5. MARRIAGE AND FAMILY RELATIONSHIPS

The couples in the play can be seen as representative of modern relationships based on deception and sterility, and the picture of the play presents of marriage is bleak. George and Martha face off in a “battle of the sexes” that is an age-old theme in plays, from Aristophanes’ Lysistrata, to Shakespeare’s Much Ado About Nothing and The Taming of the Shrew, and to Noel Coward’s Private Lives. But unlike many such plays, Who’s Afraid of Virginia Woolf? shows characters who are out for blood. George and Martha hide their need for each other with ferocious assaults on one another. Their names suggest the “first couple,” George and Martha Washington, a grim joke that underscores the corruption of the American ideal.
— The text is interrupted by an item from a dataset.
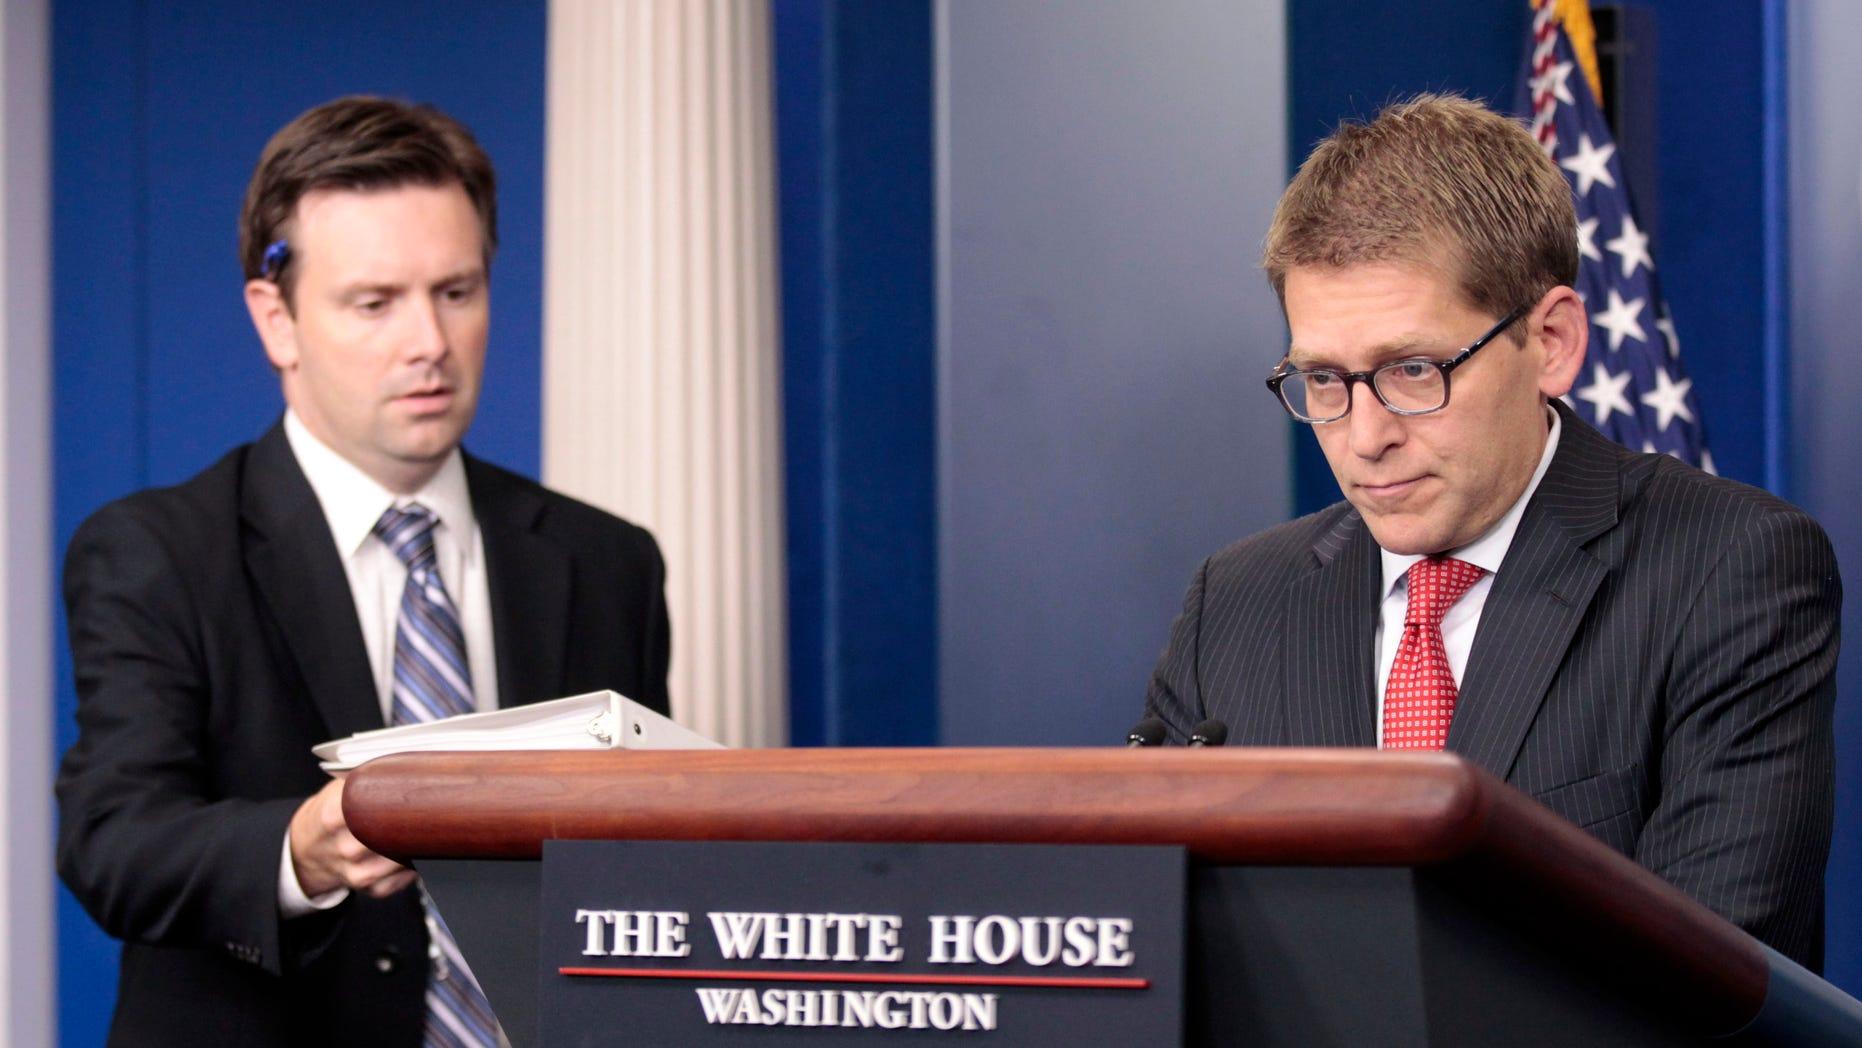 Wednesday: Principal Deputy Press Secretary Josh Earnest, left, hands off the briefing book to White House Press Secretary Jay Carney during the daily news briefing at the White House.

But their fierce battling may be seen as preferable to the shallowness that marks the relationship between Nick and Honey.

The family relationships referred to in the play are hollow and sad: Martha and her father, George and the parents he might have killed, Honey and her father, and George and Martha’s “child.”

Sterility is evidenced by the play’s use of imaginary and would-be children: George and Martha’s fictitious boy and the pregnancies that Honey has deviously avoided. As an ironic twist, Albee has peppered the play with allusions to “baby”: George and Martha use the term as a dubious endearment; they also use coy baby talk; Honey becomes a baby, curled on the bathroom floor in the fetal position as a sign of her inability to grow up.

Some readers, however, see the play’s depiction of George and Martha in a more optimistic light. They interpret the play as the story of one couple’s desperate attempt to salvage, rather than destroy, a relationship. After the evening’s emotional turmoil, notably the “death” of the child, George and Martha have cleared up some of the matters impeding the relationship, and they may be able to function better as a couple in the future.